- **What is needed**
Only one stretch of the data should be retyped: the lines from the line containing "Инверторная сплит-система BALLU" through the line containing "Het Meester Peter Heida Plein". Keep pictures out of it.

Dataset entries Block Start

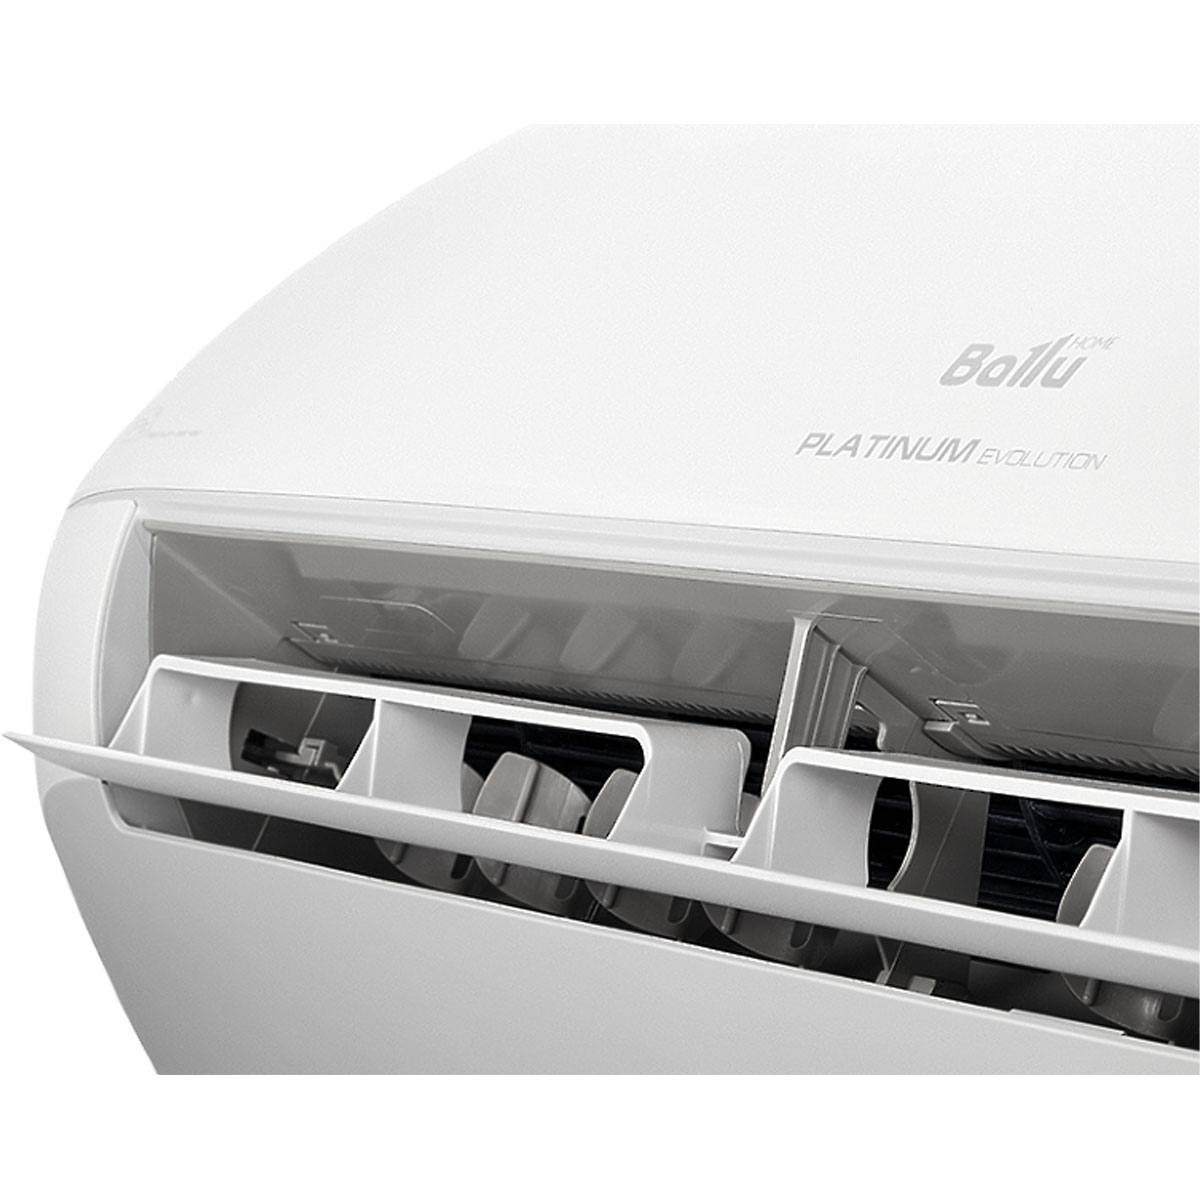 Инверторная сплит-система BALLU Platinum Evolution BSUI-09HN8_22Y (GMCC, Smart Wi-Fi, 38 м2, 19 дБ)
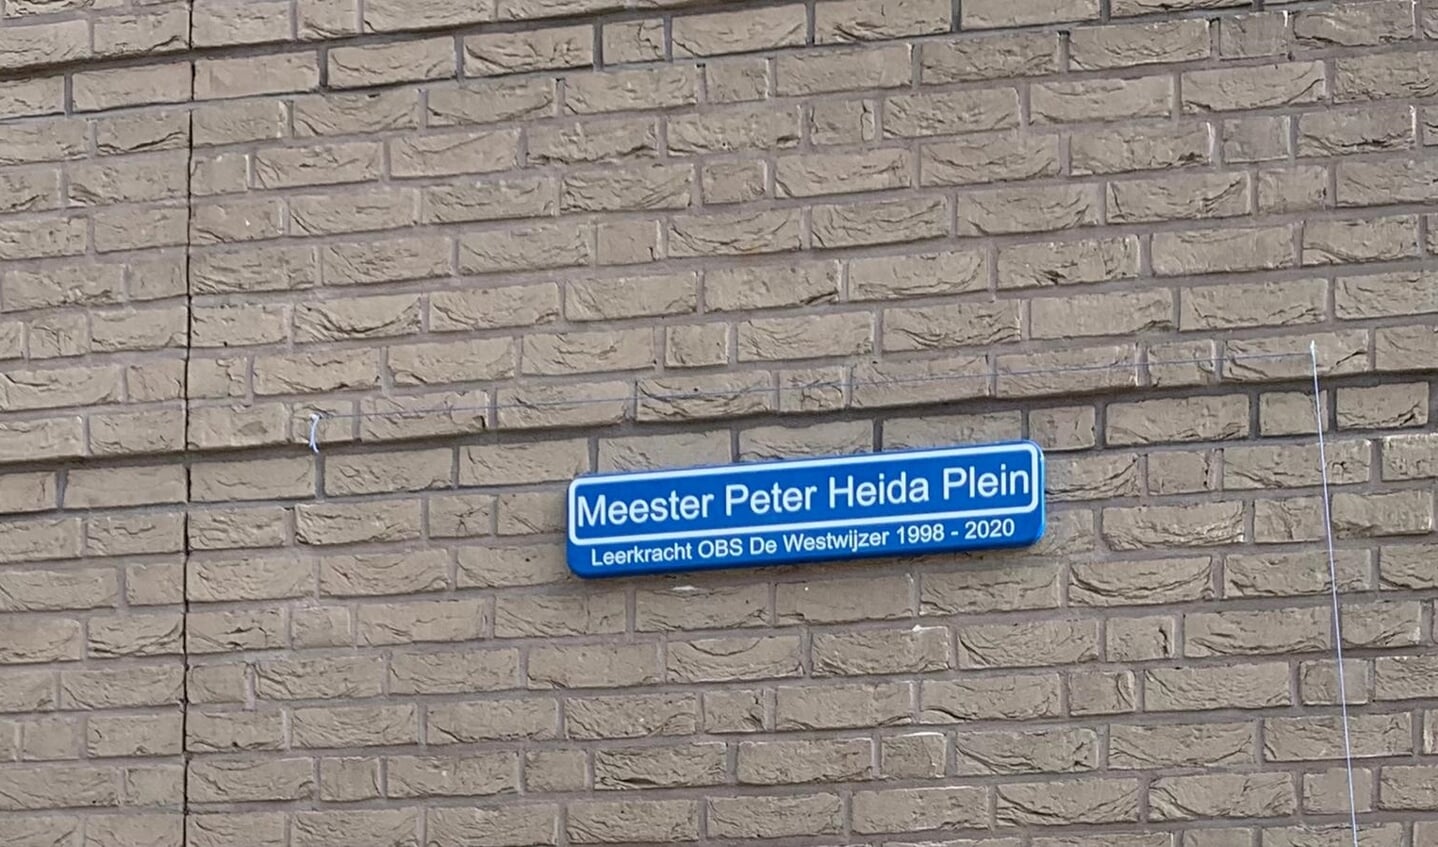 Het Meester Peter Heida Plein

Dataset entries Block End
Dataset entries Block Start

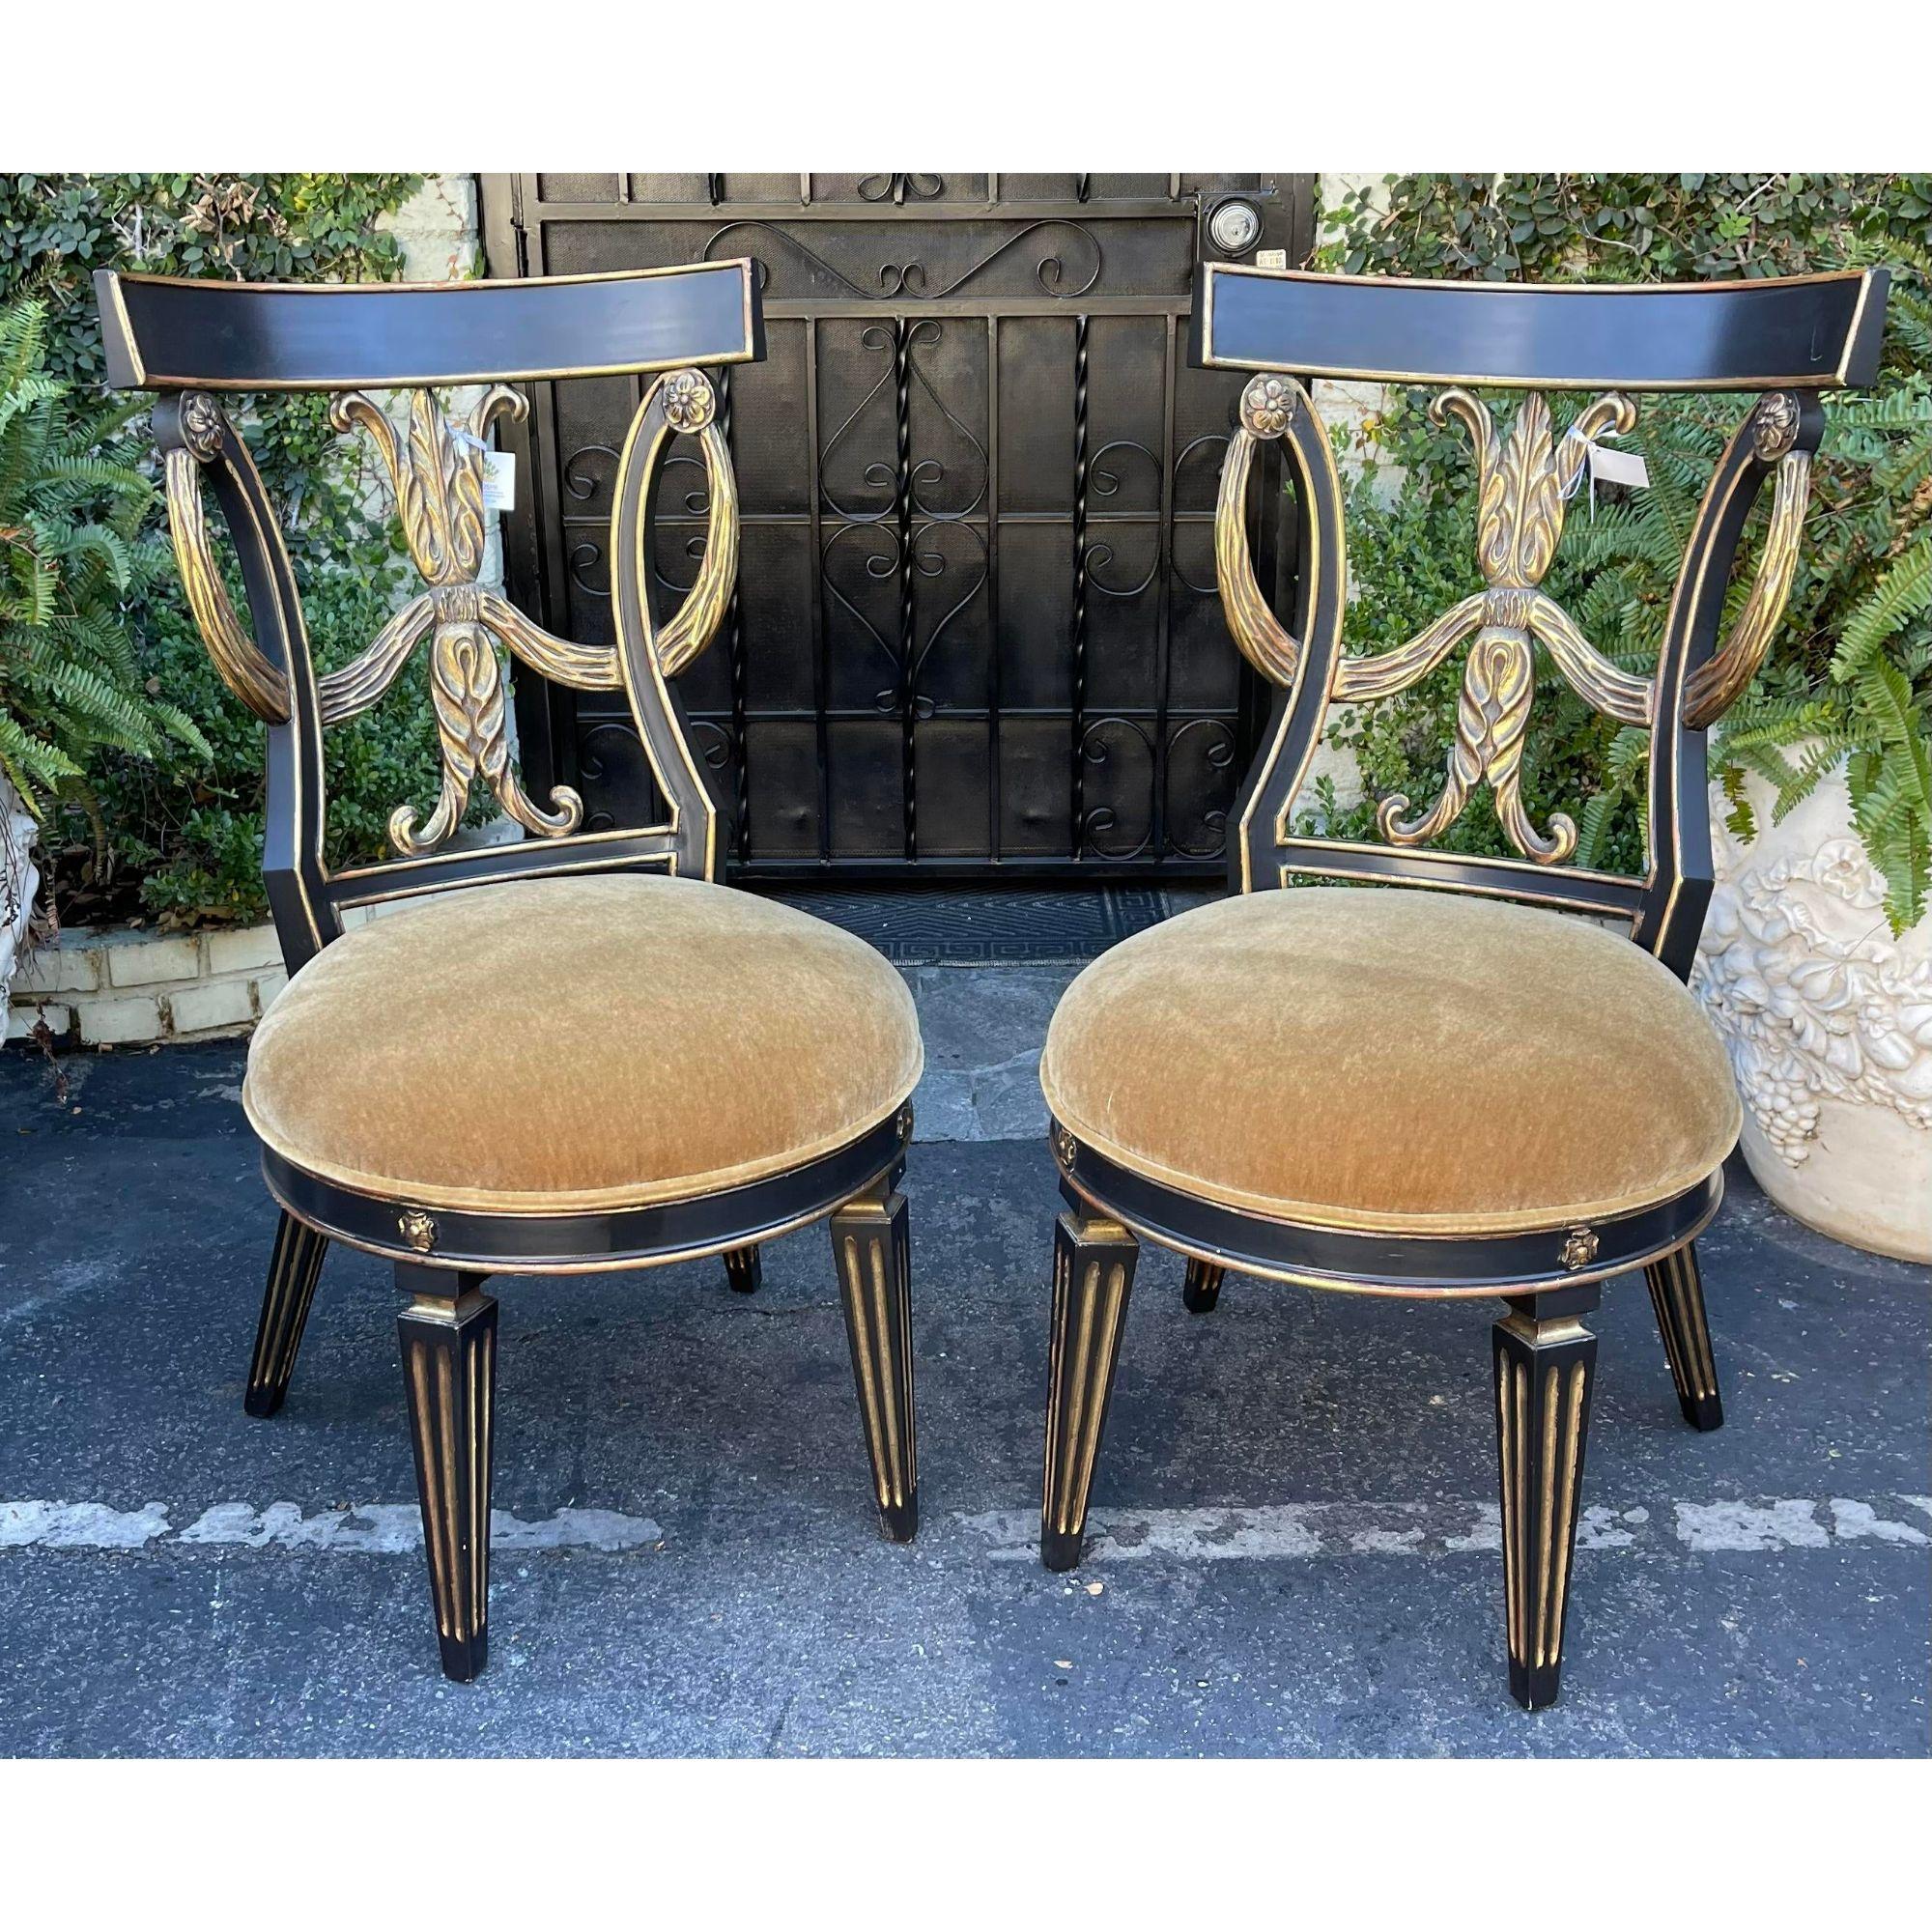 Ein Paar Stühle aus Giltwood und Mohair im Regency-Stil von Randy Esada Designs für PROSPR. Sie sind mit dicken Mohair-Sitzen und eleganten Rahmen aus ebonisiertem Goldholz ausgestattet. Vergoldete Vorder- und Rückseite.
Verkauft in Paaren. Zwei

Dataset entries Block End

- **Output below**
 Инверторная сплит-система BALLU Platinum Evolution BSUI-09HN8_22Y (GMCC, Smart Wi-Fi, 38 м2, 19 дБ)
 Het Meester Peter Heida Plein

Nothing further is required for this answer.